Let $X$ and $Y$ be random variables with means $\mu_X$ and $\mu_Y$ and standard deviations $\sigma_X$ and $\sigma_Y$. Define the **covariance** between $X$ and $Y$ by

$$ \text{Cov}(X, Y) = \mathbb{E}\left[(X - \mu_X)(Y - \mu_Y)\right] $$

and the **correlation** by 

$$ \rho = \rho_{X,Y} = \rho(X, Y) = \frac{\text{Cov}(X, Y)}{\sigma_X \sigma_Y}. $$



In [4]:
# Calculate variance
var_x = np.sum((x - mu_x)**2) / n

# Print results
print(f"Variance of x (manual calculation): {var_x:.3f}")
print(f"Variance of x (using numpy): {np.var(x, ddof=0):.3f}")

Variance of x (manual calculation): 0.958
Variance of x (using numpy): 0.958


In [5]:
# Calculate standard deviation
sd_x = np.sqrt(var_x)

# Print results
print(f"Standard deviation of x (manual calculation): {sd_x:.3f}")
print(f"Standard deviation of x (using numpy): {np.std(x, ddof=0):.3f}")

Standard deviation of x (manual calculation): 0.979
Standard deviation of x (using numpy): 0.979


In [6]:
# Generate a second random variable
y = 0.8 * x + ss.norm.rvs(scale=0.6, size=n, random_state=34)
mu_y = np.sum(y) / n
var_y = np.sum((y - mu_y)**2) / n
sd_y = np.sqrt(var_y)

# Print results
print(f"Mean of y: {mu_y:.3f}")
print(f"Variance of y: {var_y:.3f}")
print(f"Standard deviation of y: {sd_y:.3f}")

Mean of y: -0.009
Variance of y: 0.946
Standard deviation of y: 0.973


In [7]:
# Calculate covariance
cov_xy = np.sum((x - mu_x) * (y - mu_y)) / n

# Print results
print(f"Covariance of x and y (manual calculation): {cov_xy:.3f}")
print(f"Covariance of x and y (using numpy): {np.cov(x, y, ddof=0)[0,1]:.3f}")

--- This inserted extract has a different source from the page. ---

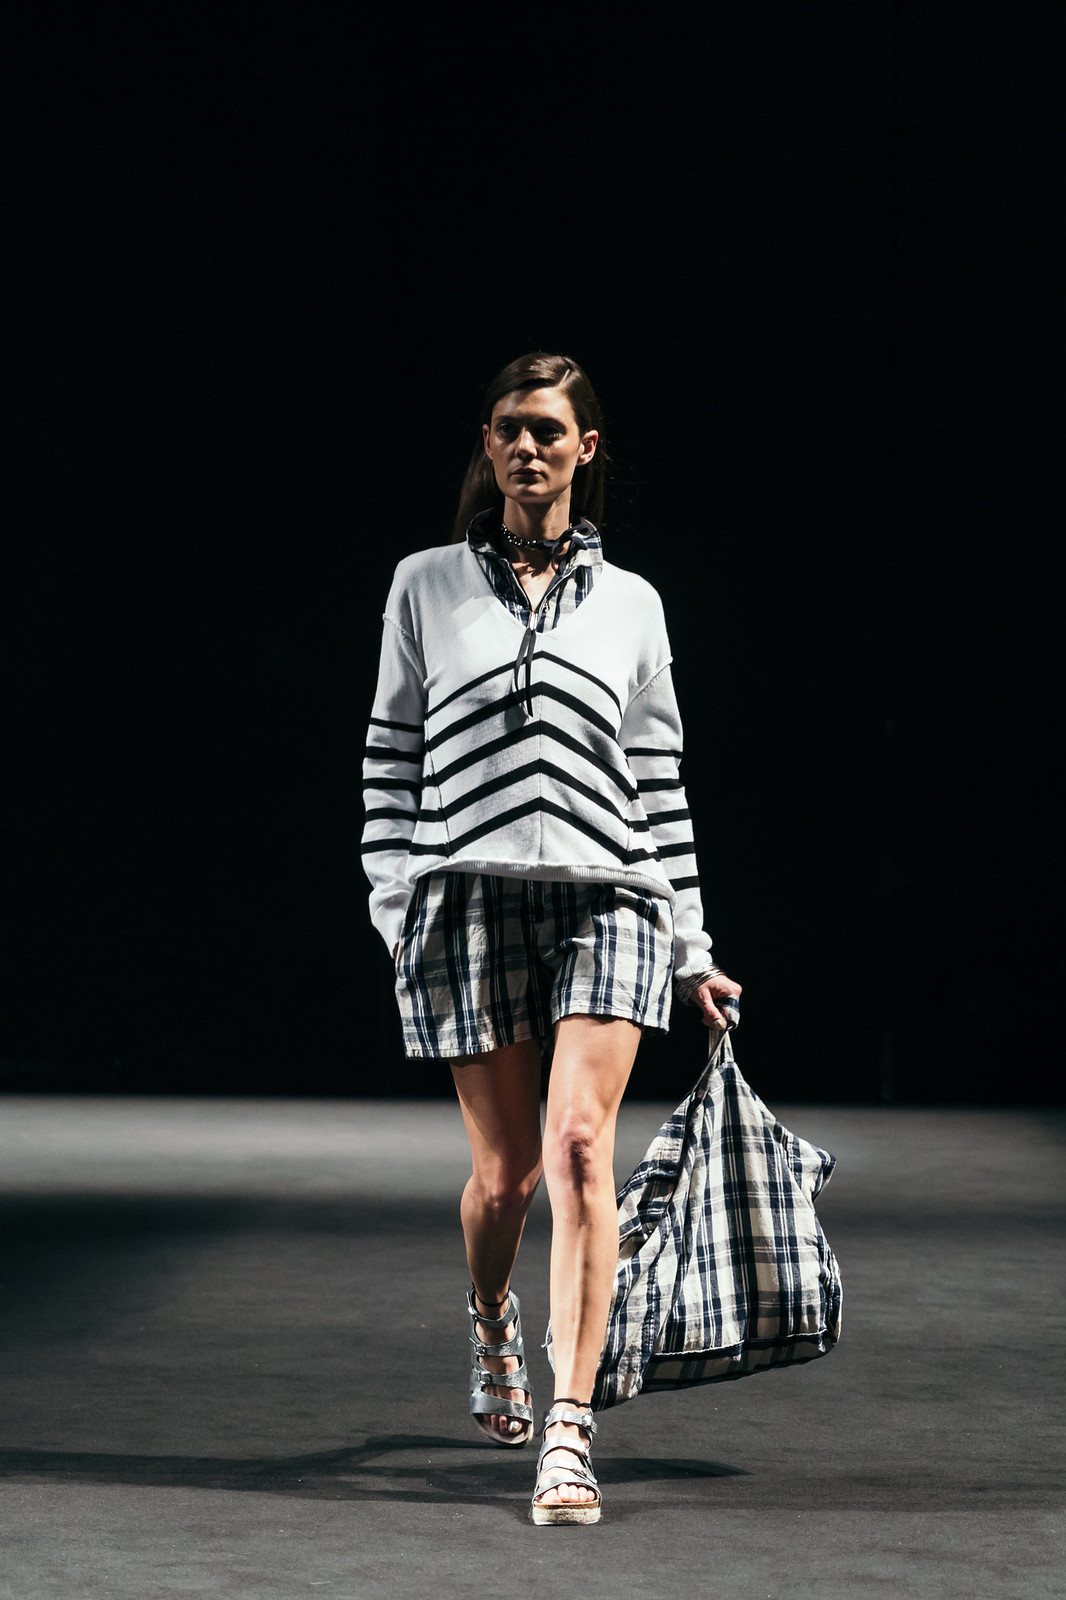 Jessie Chanes - Seams for a desire - 080 Bacelona Fashion #080bcnfasion -34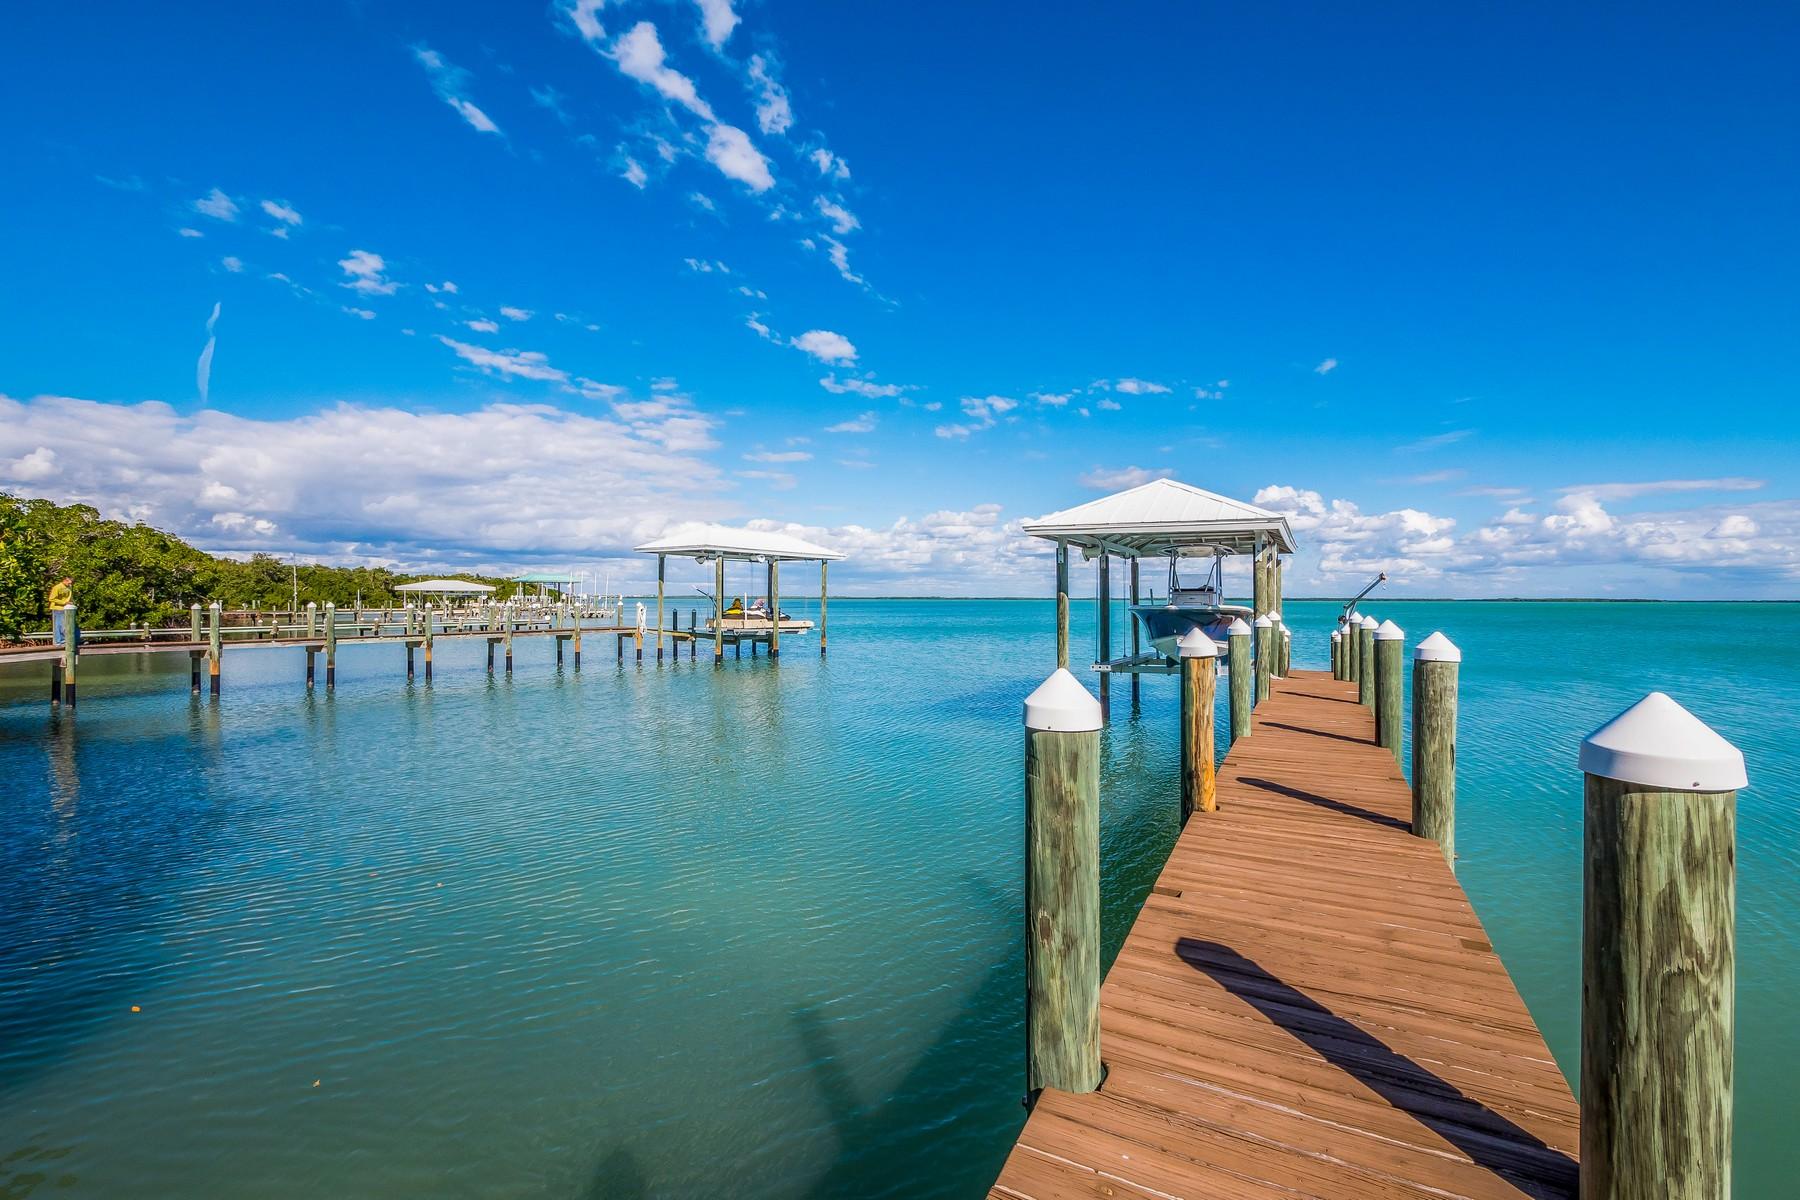 Single Family Home for Rent at 9 Peekins Cove 9 Peekins Cove Boca Grande, Florida 33921 United States

Covariance of x and y (manual calculation): 0.764
Covariance of x and y (using numpy): 0.764


In [8]:
# Covariance matrix
cov_matrix = np.cov(x, y, ddof=0)

# Print results
print(f"Covariance matrix: \n{np.round(cov_matrix, 3)}")

Covariance matrix: 
[[0.958 0.764]
 [0.764 0.946]]


In [9]:
# Calculate correlation
corr_xy = cov_xy / (sd_x * sd_y)

# Print results
print(f"Correlation of x and y (manual calculation): {corr_xy:.3f}")
print(f"Correlation of x and y (using numpy): {np.corrcoef(x, y)[0,1]:.3f}")

Correlation of x and y (manual calculation): 0.803
Correlation of x and y (using numpy): 0.803


In [10]:
# Correlation matrix
corr_matrix = np.corrcoef(x, y)

# Print results
print(f"Correlation matrix: \n{np.round(corr_matrix, 3)}")

Correlation matrix: 
[[1.    0.803]
 [0.803 1.   ]]


## 3. Convergence of Random Variables

The to main types of convergence are defined as follows. 

Let $X_1, X_2, \ldots$ be a sequence of random variables and let $X$ be another random variable. Let $F_n$ denote the CDF of $X_n$ and let $F$ denote the CDF of $X$.

1. $X_n$ **converges to $X$ in probability**, written $X_n \xrightarrow{P} X$, if, for every $\epsilon > 0$,
   $$ \mathbb{P}(|X_n - X| > \epsilon) \to 0 $$
   as n $\to \infty$.
   
2. $X_n$ **converges to $X$ in distribution**, written $X_n \xrightarrow{d} X$, if
   $$ \lim_{n \to \infty} F_n(t) = F(t) $$
   at all $t$ for which $F$ is continuous.